“蕭十一,以后你就住在樊老實家里,好好干活、好好學習制鹽的手藝,不要偷懶、不要惹是生非,若是遇到了為難的事情,可以來找老夫,老夫一定盡力幫著解決”
“多謝先生,晚輩記住了”
分配結束之后,青袍老者又叮囑了一番,而后離開村子,返回鹽場去了,秦鋒則背著行李卷住進了樊家。
樊家的院子呈正方形,內部面積不算大,院墻是用黃土混合著砂石夯筑的,因為年久失修,出現了很多豁口,距離坍塌已經不遠了,至于院門,則是用小木條編成的柵欄門。
院內有四間破舊不堪、滿是孔洞的茅草屋,全靠幾根粗木棍支撐著,才沒有倒塌下來。
再看茅草屋里面,空間狹小、光線昏暗,沒有一件像樣的家具、沒有一件不帶補丁的衣服、沒有一件完好的器皿完美詮釋了家徒四壁、一貧如洗這八個字的含義
將秦鋒安置在這樣一個窮灶戶家中,莫非是青袍老者故意使壞嗎
還真不是。
事實上,村子里的灶戶們的情況都差不多,家家窮苦、戶戶困難,相比較起來,因為樊老實的制鹽手藝出眾,又舍得賣力氣,日子過的還算好的呢
將秦鋒安置在最西邊的茅草屋中之后,樊元良開始準備晚飯。
雜糧餅子、咸菜絲、南瓜湯、一條不知放了多久的咸魚、一個煮雞蛋晚飯非常寒酸,可這已經是樊家能拿出來的最好的食物了。
“小伙子,你第一天來到家中,按理來說,老漢應該準備一些好吃喝才是,可是家里生活困難,實在弄不到更好的食材了,還請莫要怪罪”

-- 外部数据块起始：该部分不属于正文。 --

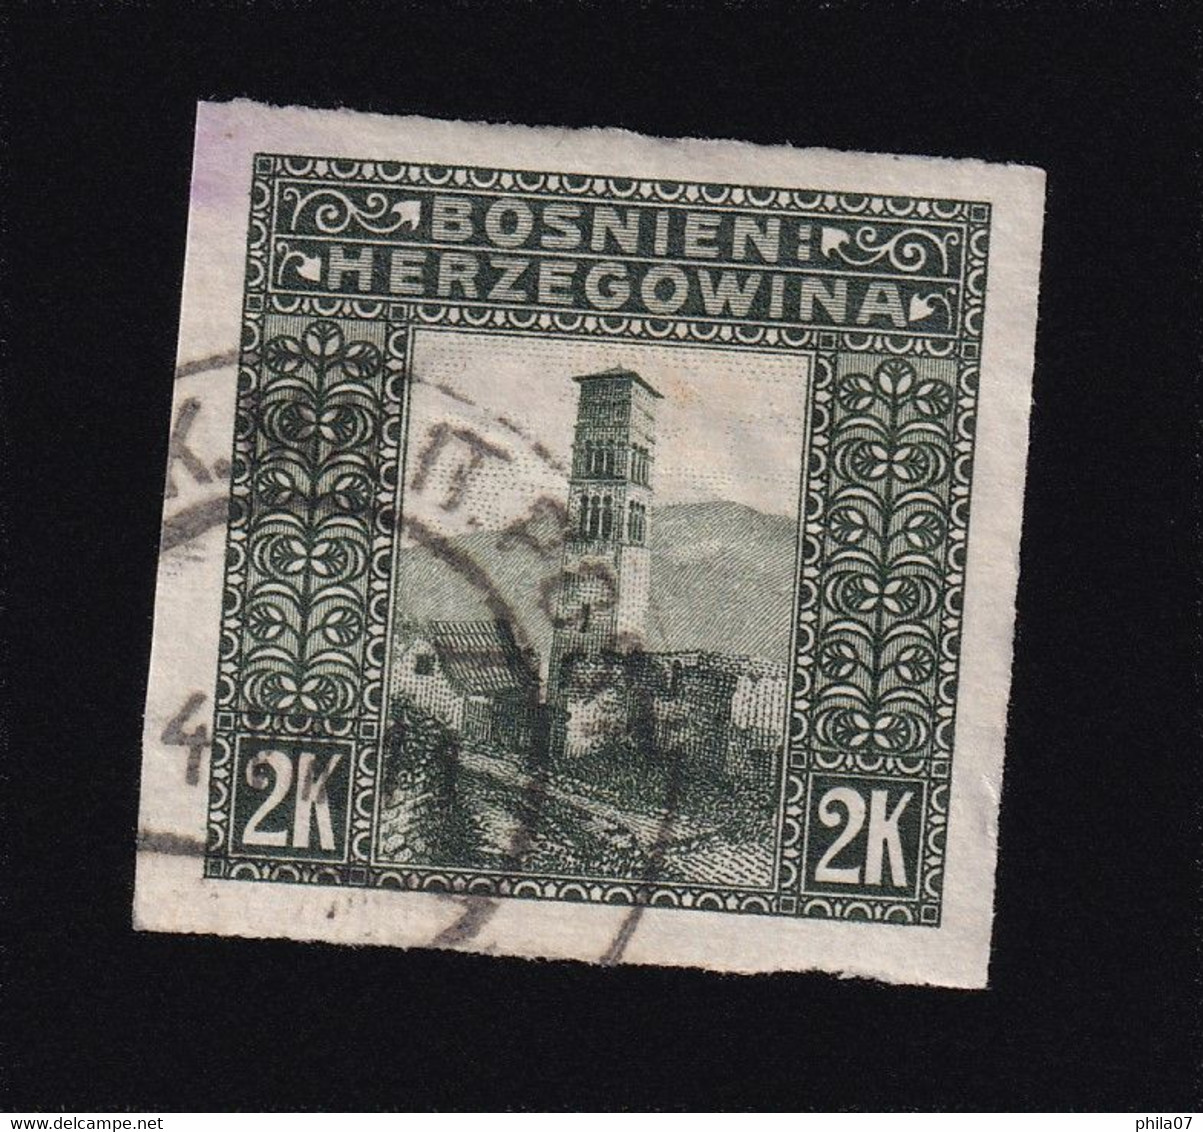 BOSNIA AND HERZEGOVINA - Landscape Stamp 2 Krune, Imperforate Stamp, Cancelled - Bosnie-Herzegovine
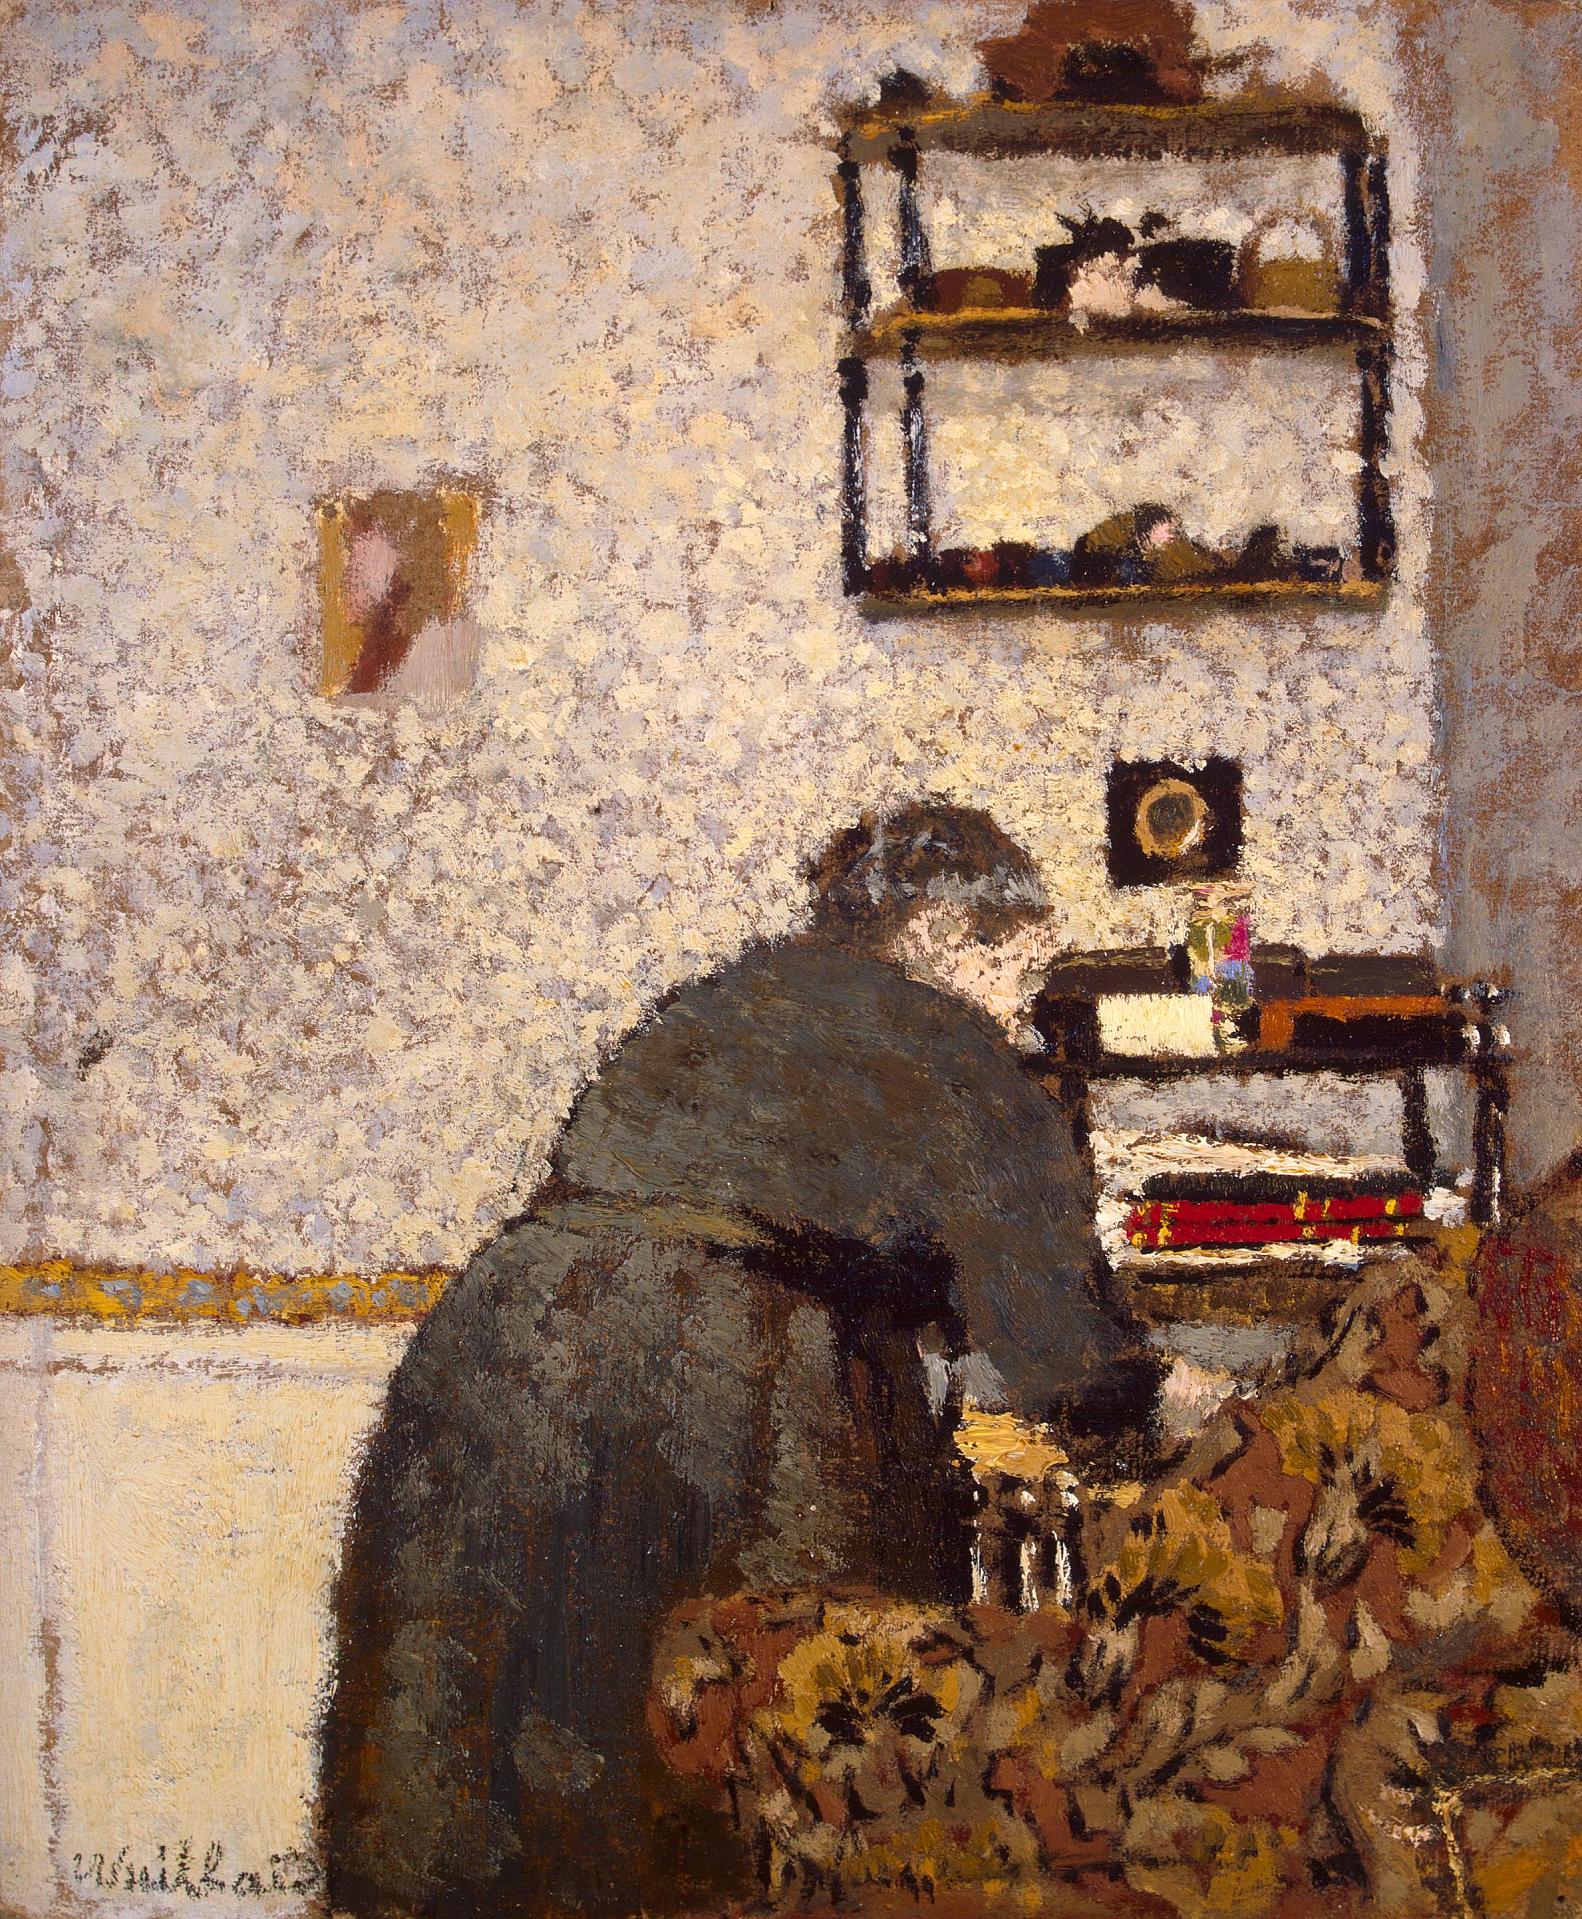 Жан Эдуард Вюйар. "Мадам Вюйар в гостиной". Около 1893. Эрмитаж, Санкт-Петербург.

“老伯客氣了,現在這般年月,能有口飽飯吃就不易了,那里還敢怪罪呢”
“那就好、那就好,來,吃雞蛋”
“小姑娘,來,吃雞蛋”
“這個雞蛋是專門給大哥哥準備的,珠兒不能吃”
“呵呵,你正在長身體,不吃點好的怎么能行,聽話,快吃吧”
面對寒酸的食物,秦鋒沒有嫌棄,大口吃喝起來,至于專門為自己準備的雞蛋,則不容拒絕的推給了那個小姑娘。
這一舉動,頓時贏得了樊老漢和小姑娘的好感
吃喝之間,順便閑談。
通過閑談得知,樊元良今年只有四十二歲,因為常年辛苦勞作、風吹日曬雨淋,再加上生活困苦、長期營養不良,這才導致未老先衰,看上去猶如花甲老人一般
身體瘦弱的小姑娘叫樊寶珠,是樊元良的小女兒,今年只有八歲。
樊元良另有三子一女,因為疾病、饑餓、戰亂等原因,全都不幸夭折了,妻子也在兩年前病逝了,如今只剩下父女二人相依為命,很是可憐
另外嗎,在交談過程中,秦鋒還問清了那位青袍老者的情況。
郭正清,五十四歲,山東登州府萊陽縣人氏,滿腹經綸、學富五車,曾經中過進士,做過知縣、同判、知府等官職,后來調到花馬池鹽場,擔任同提舉之職、正六品。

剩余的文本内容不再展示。